Once the snapshot is finished, a normal upgrade can be done via the deploy script.
./bin/deploy
Finally, the migration can be verified with the cmv tool. While cmv can be run without any parameters, there are several expected changes/warnings that can be safely ignored (more on this below). To exclude all the expected warnings, the following command can be used:
./bin/cmv verify --exclude orgs.pools.providedProducts.id --exclude orgs.pools.providedProducts.created --exclude orgs.pools.providedProducts.updated --exclude orgs.pools.productAttributes.id --exclude orgs.pools.productAttributes.productId --exclude orgs.pools.productAttributes.created --exclude orgs.pools.upstreamPoolId --exclude orgs.pools.upstreamEntitlementId --exclude orgs.pools.upstreamConsumerId --exclude orgs.products.uuid --exclude orgs.products.href --exclude orgs.products.productContent.content.uuid --exclude orgs.pools.derivedProductAttributes --exclude orgs.pools.derivedProductAttributes.id --exclude orgs.pools.derivedProductAttributes.productId --exclude orgs.pools.derivedProductAttributes.created --exclude orgs.pools.derivedProductAttributes.updated --exclude orgs.pools.derivedProvidedProducts.id --exclude orgs.pools.derivedProvidedProducts.created --exclude orgs.pools.derivedProvidedProducts.updated
With this command, the verification should complete without any errors or warnings. If so, the migration was completed successfully. Otherwise, steps may be necessary to manually complete the migration, or it may be necessary to roll back and try again.

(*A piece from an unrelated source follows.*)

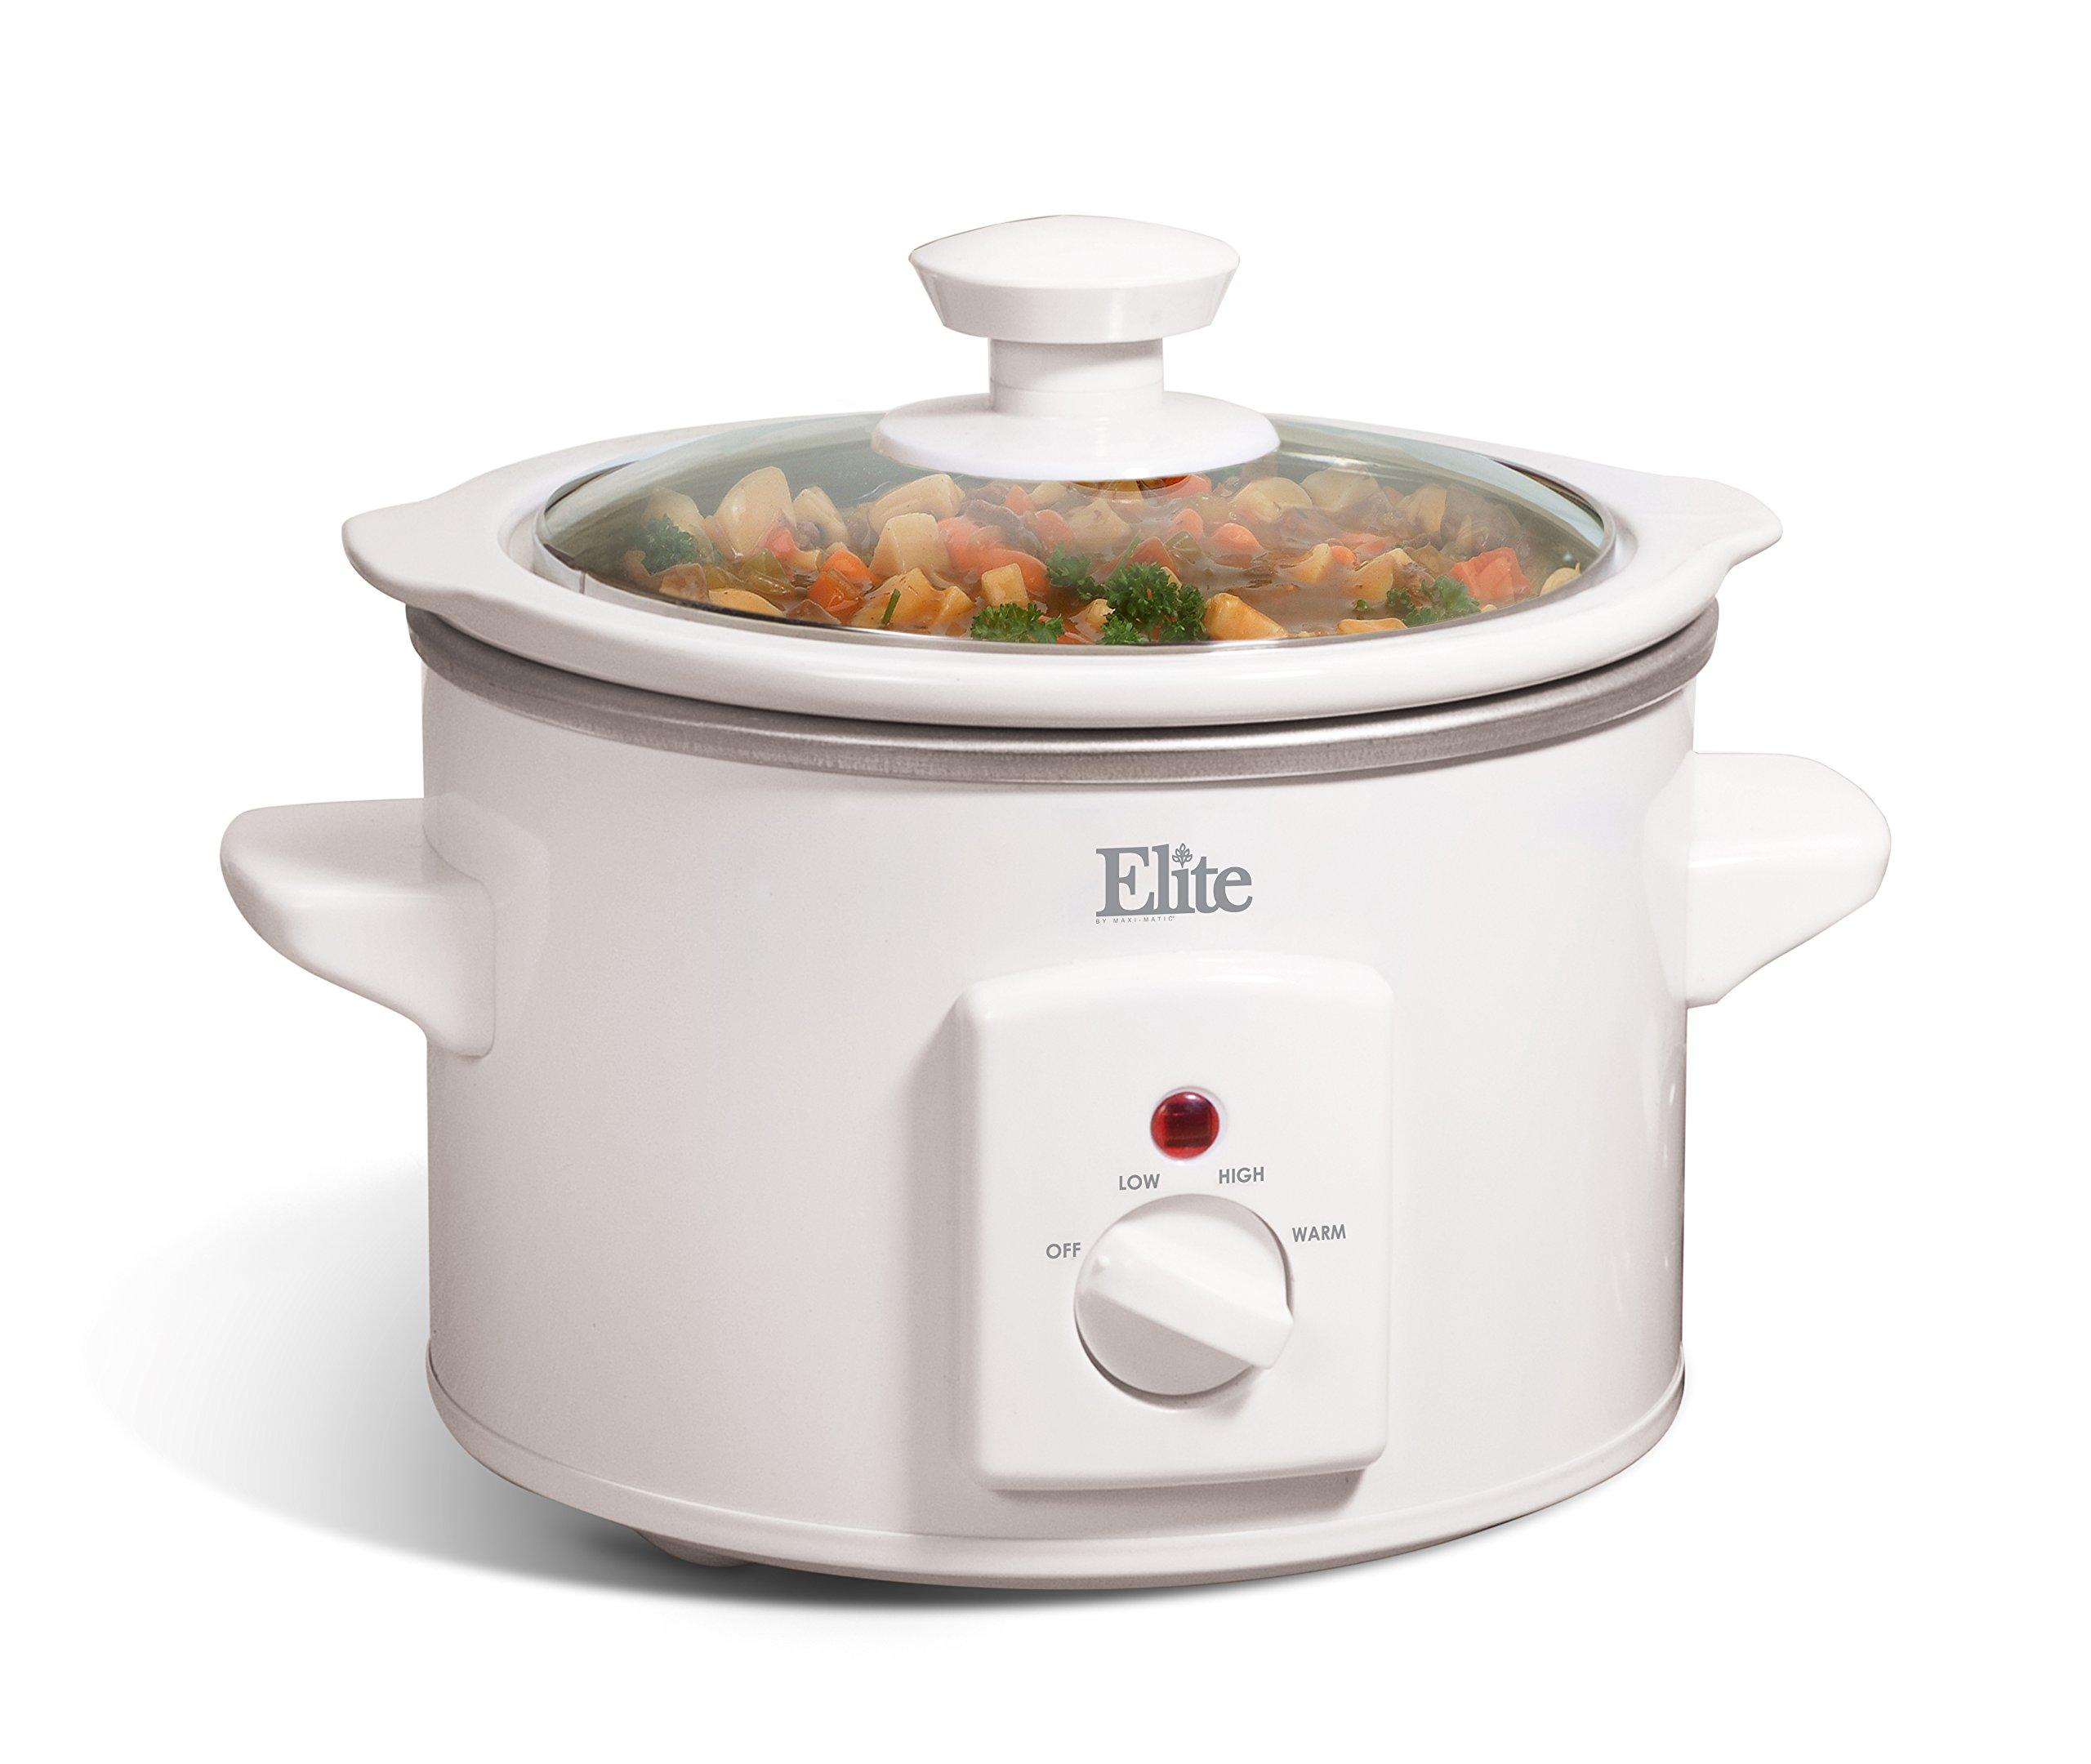 Maxi-Matic MST-250XW Elite Cuisine 1-1/2-Quart Round-Shaped Slow Cooker, White

As noted above, there are several expected changes that will show up in a vanilla cmv verify during migration to Candlepin 2.0. Most are related to minor changes in the JSON returned by API calls, while a few others relate to precision issues with the migration to new database tables.
The providedProducts and derivedProvidedProducts fields used to be populated directly by Candlepin’s internal model objects, all of which have an ID and created and updated timestamp fields. With the migration to Candlepin 2.0, some collection objects have been converted to DTOs which lack these fields. As a result, the id, created and updated fields are no longer present in the API response.
The product attribute values no longer include internal-use model details such as the ID and raw timestamps for created and updated times. Instead, the timestamps provided are standardized timestamps which no longer include milliseconds.
In the transition to per-organization products and content, both objects received a new identifier to allow multiple organizations to represent different states of the same products.
With products now being per-organization, the URL used to refer back to a given product has been updated to reference the product via UUID rather than just RHID (which is not unique between organizations). This change is now reflected in the product JSON.
In Candlepin 2.0, the subscription object has been relegated to a transient DTO used only during pool refresh and manifest import. These fields, which point back to upstream data sources, have been moved to the pool object.